Functional nanowires and nanoelectronics are sought for their use in next generation integrated circuits, but several challenges limit the use of most nanoscale devices on large scales. DNA has great potential for use as a molecular wire due to high yield synthesis, near-unity purification, and nanoscale self-organization. Nonetheless, a thorough understanding of ground state DNA charge transport (CT) in electronic configurations under biologically relevant conditions, where the fully base-paired, double-helical structure is preserved, is lacking.

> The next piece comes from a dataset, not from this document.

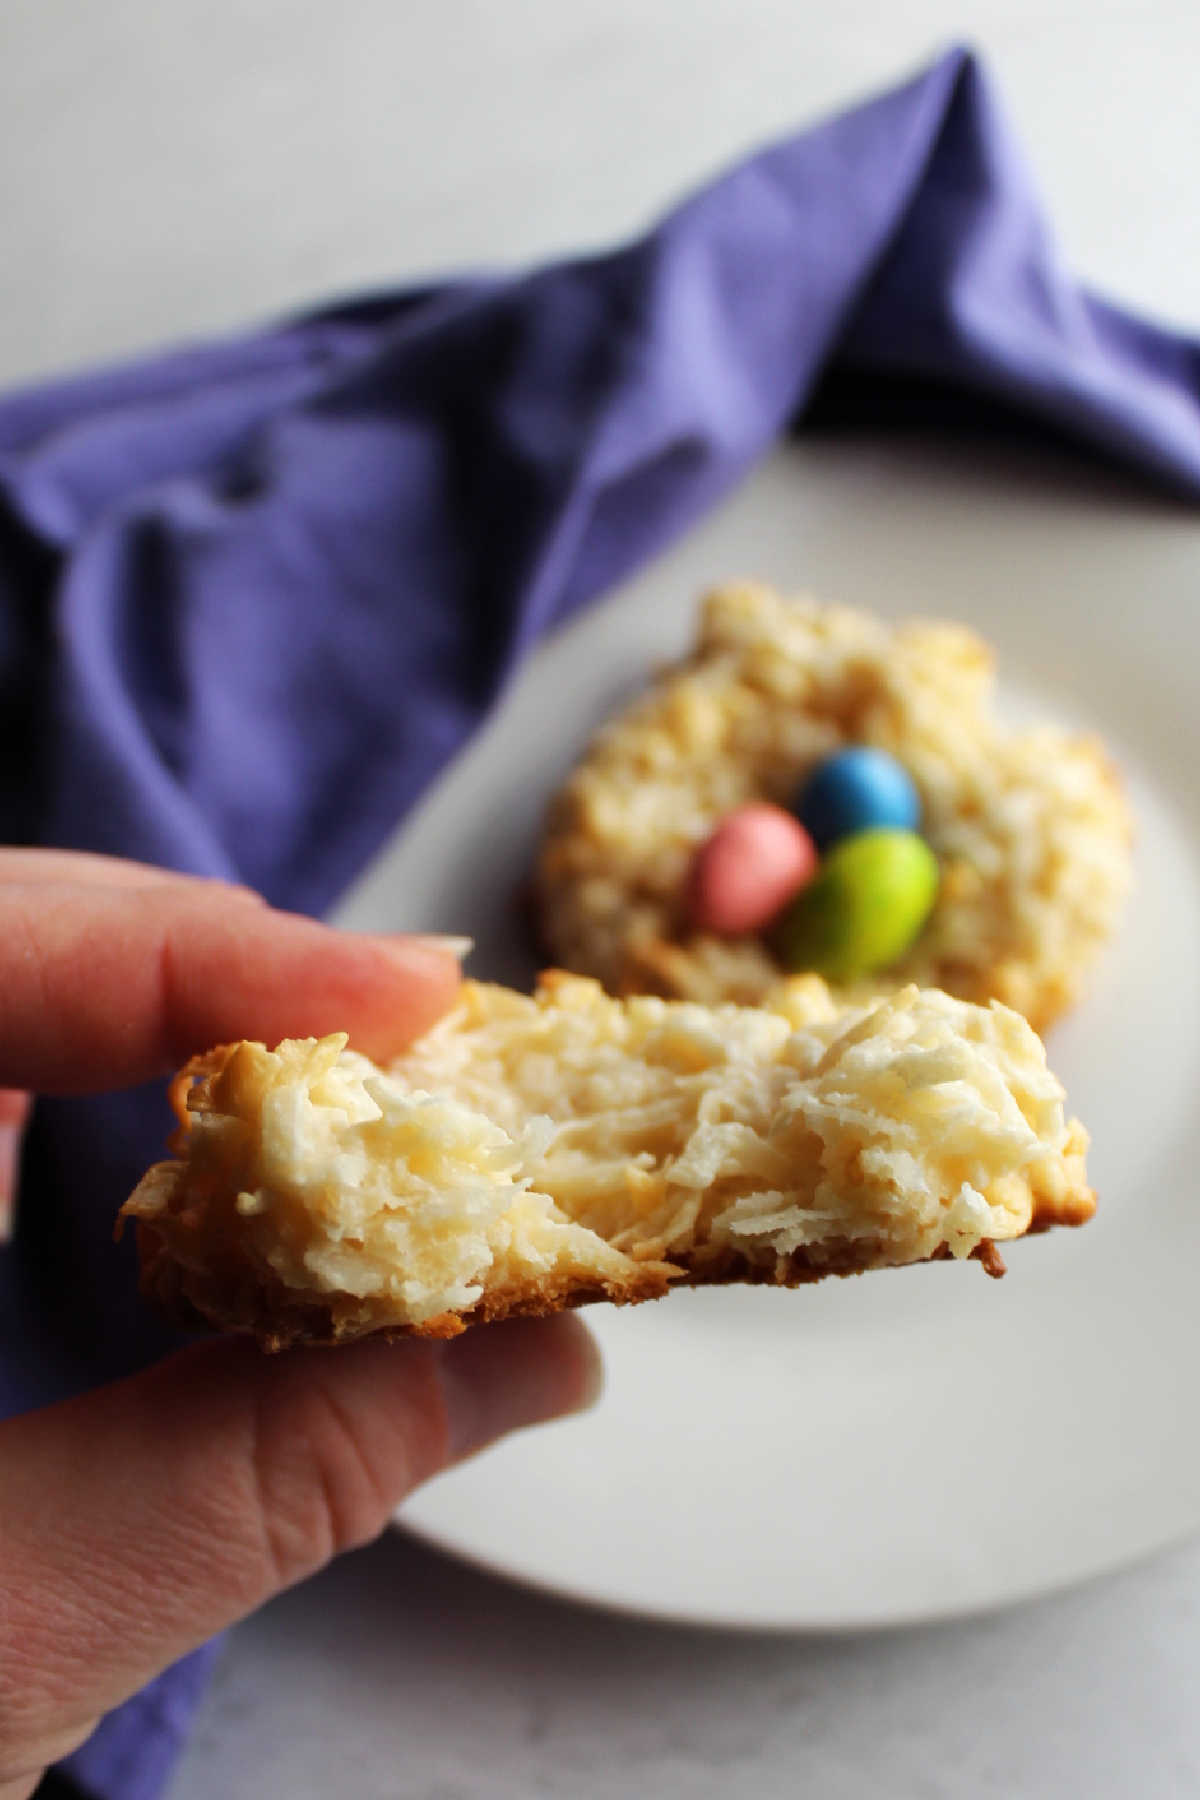 Coconut macaroon nest with a bite taken out showing the chewy center.
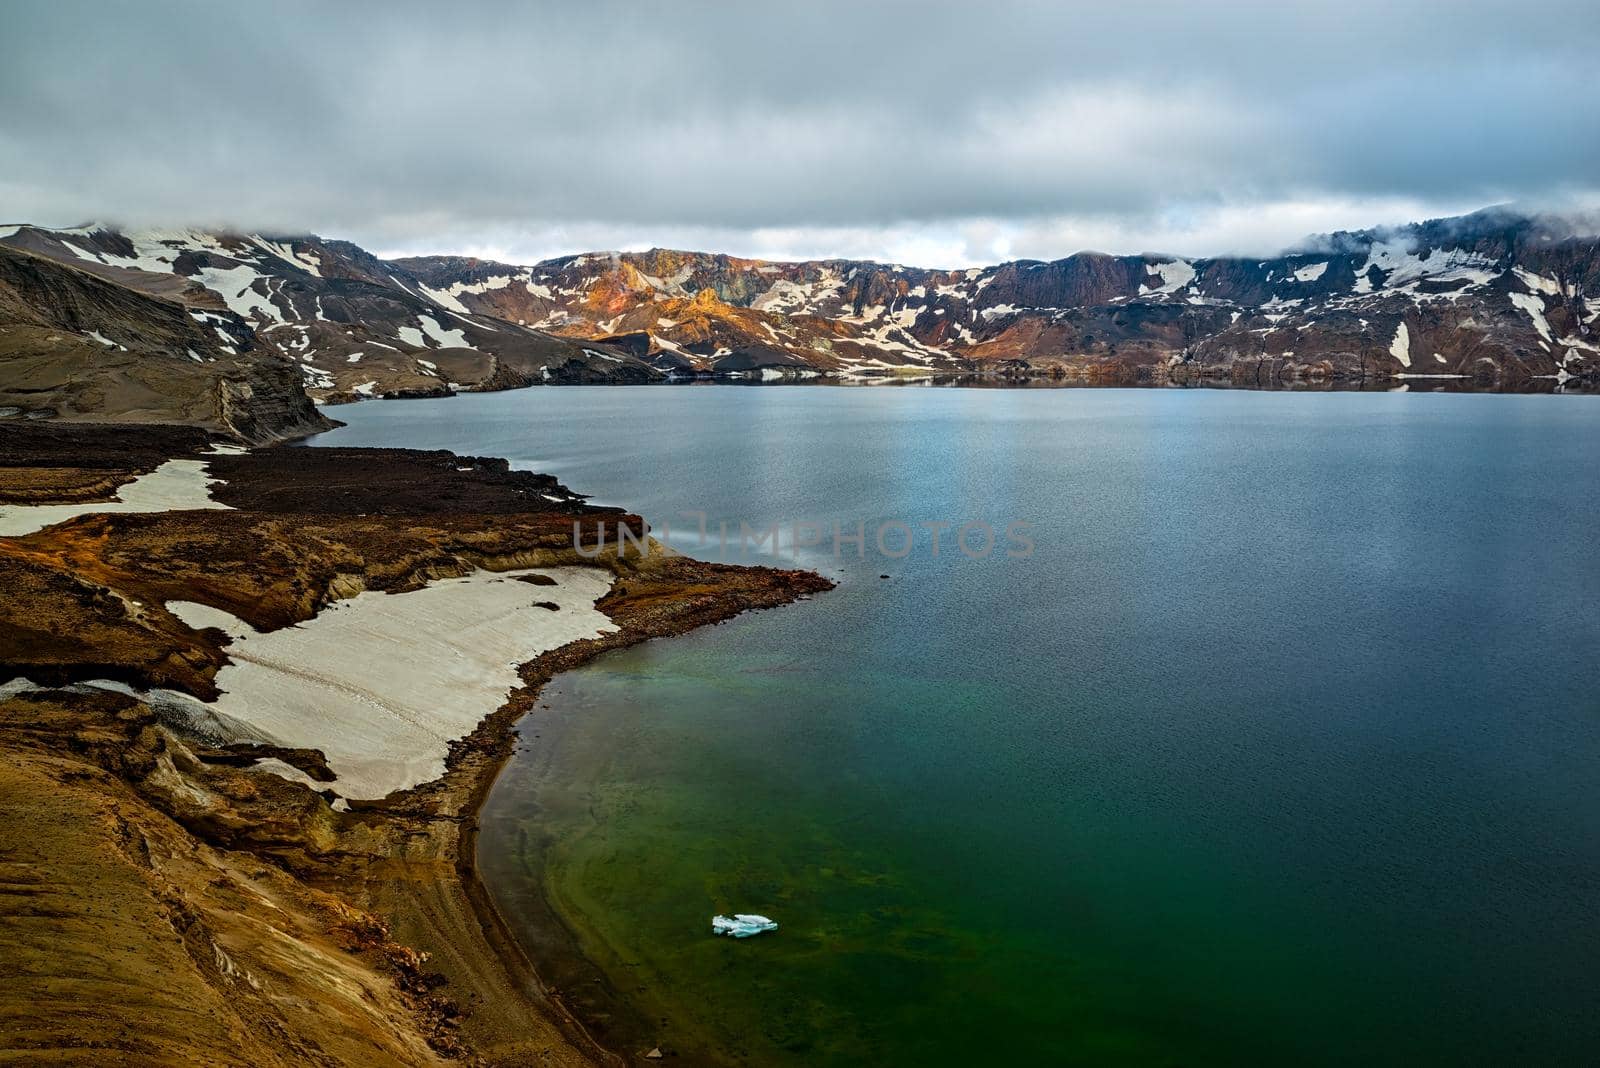 Mount Askja lake in a cloudy day, Iceland

Here, we explore the fundamentals of CT through double-stranded DNA monolayers on gold by assessing 17 base pair bridges at discrete points with a redox active probe conjugated to a modified thymine. This assessment is performed under temperature-controlled and biologically relevant conditions with cyclic and square wave voltammetry, and redox peaks are analyzed to assess transfer rate and yield. We demonstrate that the yield of transport is strongly tied to the stability of the duplex, linearly correlating with the melting temperature. Transfer rate is found to be temperature-activated and to follow an inverse distance dependence, consistent with a hopping mechanism of transport. These results establish the governing factors of charge transfer speed and throughput in DNA molecular wires for device configurations, guiding subsequent application for nanoscale electronics.